Sütlü Nuriye ve ahengi yitirmek üzerine..
- Yelda Altunal
- 22 Mar 2018
- 2 dakikada okunur
Güncelleme tarihi: 26 Eki 2020
Bu ara müzik hakkında pek bir diyeceğim varmış. Ardı ardına dökülüyor farkındayım ama evde 7/24 müzik çalıyor ben ne yapayım? Bir akış oluşuyor zamanla, bazılarının adını bilmediğim enstrümanlar, tınıları bambaşka ufuklar açıyor.
Ev, müzik, içinde yaşayanlar, objeler hepsi birbiriyle ahenk halinde ve ben buna çok alışmışım besbelli. En ufak bir uyumsuzlukta, içinden çıkamadığım bir labirentteymişim hissine kapılıyor, huzursuzlanıyorum.

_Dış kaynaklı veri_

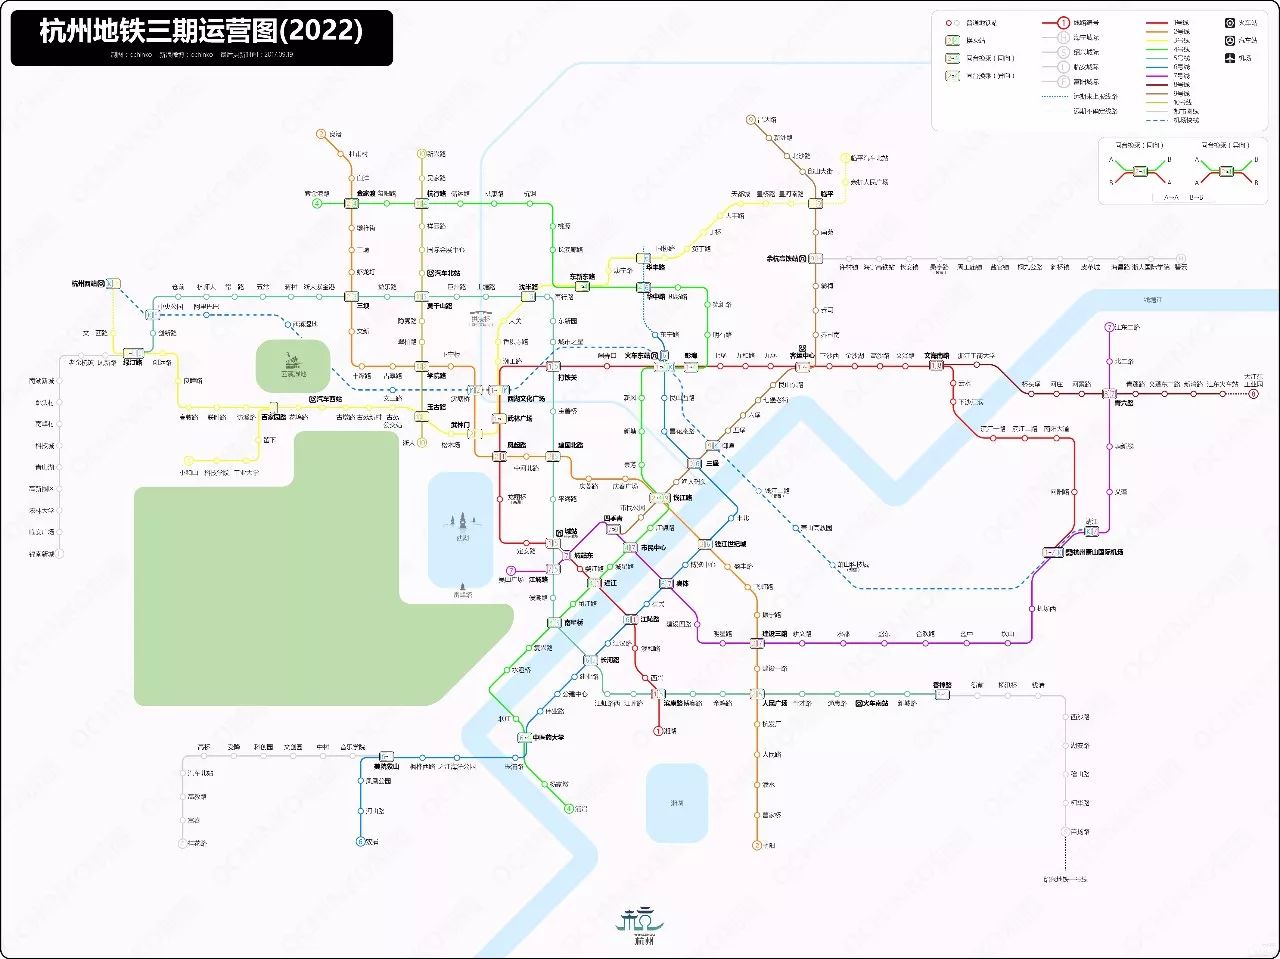 到2022年亚运会召开前,杭州将有10条地铁线路开通运营,覆盖9个城区
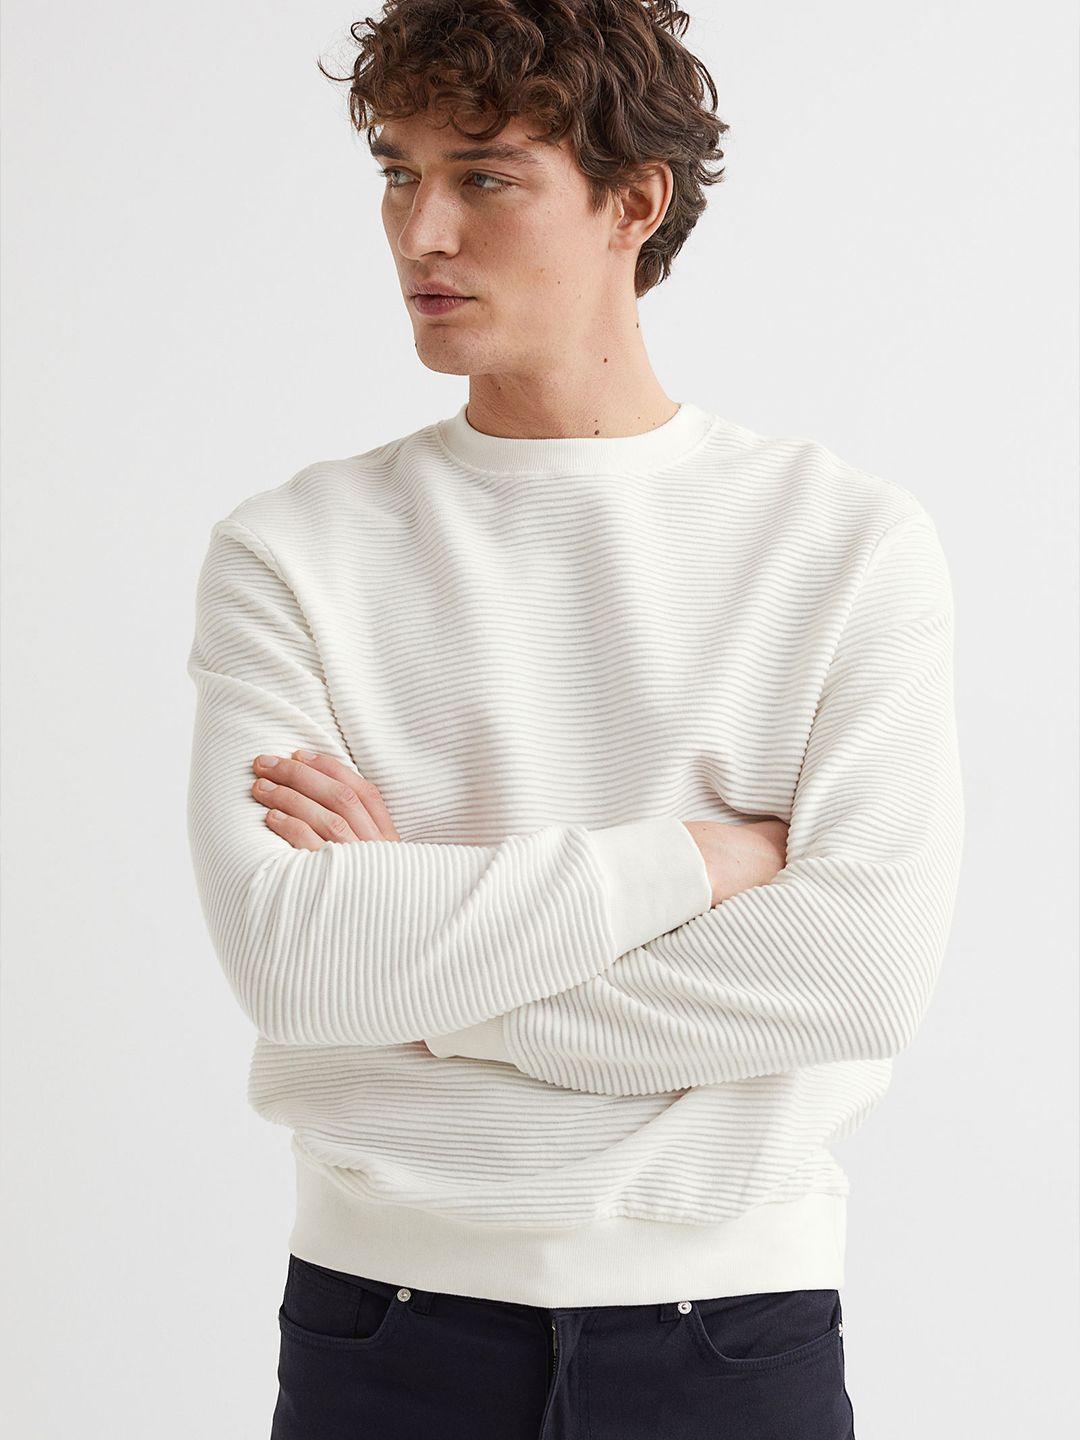 h&m-men-white-regular-fit-ribbed-sweatshirt

Bu hafta bir dostumuzla, üniversite yılları boyunca Çarşı’sının yollarını eskittiğimiz Beşiktaş’taydık. Dostun kendisi şeker gibidir ama biz alışkanlıktan, geleneksel Çarşamba’yı şenlendirmek adına 2 porsiyon baklava aldık meşhur Sütlü Nuriye’ci abilerden. Sütlü Nuriye kalmamıştı da.
Neyse elimizde baklavalar, bir süre çayla birlikte demleneceğimiz bir yer aradık durduk. Çarşı’da bir oraya bir buraya derken, sonunda tüm cesaretimi toplayıp, bir kafeye baklavalarımızı orada yiyip yiyemeyeceğimizi sordum. “Taze çayınız var mı?” gibi bir giriş yaptım elbette. Velhasıl adı özgürlüğü çağrıştıran bu kafeye dışarıdaki bir masasından eklemlenmiştik artık. Bizden mutlusu yoktu, birazdan taze çaylarımız gelecek, baklavayla birlikte İsveç’teki dostlarımıza fotoğraflayacağımız harika anlara şahit olunacaktı.

Kafe, içi dışı bolca güzel çiçekle bezeli, geleneksel süslemelerin yoğun olarak kullanıldığı, masa örtüsünden peçete katlayışına kadar pek çok şeyin el emeği göz nuru olduğu, iki tatlı kadın tarafından çekip çevrilen bir yer. Ev yemekleri servis ediliyor ve çayın yanında ev yapımı tatlılar var. O anda her şey öylesine ahenk içindeydi ki keşke sohbetimiz bir anlığına da olsa duraksamasaydı ve o müzik kulağıma öylesi hoyrat çalınmasaydı diye düşündüm sonradan. Ama yine gelmişti işte aynı huzursuzluk: Rihanna’nın orada ne işi vardı?
Popüler kültür, yaygın olarak beğenilen, tüketilen manasına gelir ve ticari bir anlam taşır. Kolay yayılıp, kolay tüketilebilen, toplumun geniş kesimlerine hitap edebilen popüler kültür; yenilik ve yaratıcılıktan tamamen uzak, daha önce denenip başarılı olmuş, formüle uyum sağlayan, ‘belirli’ kitlelere ve ‘belirli’ bir süre hoş gelen ürünler sunar. Popüler kültür ürünleri, insanları anı yaşamaya, tüketmeye, toplumsal ve siyasal konular hakkında daha az düşünmeye, anlık duygu değişikliklerine sevk eder.
Kafe sahibi belli ki civardaki öğrencileri düşünerek, böyle bir müzik konusunda ikna etmişti kendisini. Nedense gençlerin popüler müziğe bayıldıklarına dair kemikleşmiş bir algı var. Nedense dediğim, anı yaşamak, tüketmek, her bir şeyi hızlıca savuşturmak konusunda pek bir başarılı olduklarındandır tabii bu. Aslında kendisine kalsa bence Barış Manço çalardı kafede, Cahit Berkay çalardı, en olmadı Ezginin Günlüğü çalardı yahu. Rihanna çalmazdı. Ama çaldı, popüler müzik kafeyi, içindeki tüm insanları, bir anlığına kendi kültürüne davet etti. Bizde davete icabet etmemek olmaz tabi, biraz durduk çıktık.
Ama ahenk önemli dostlar, çok önemli.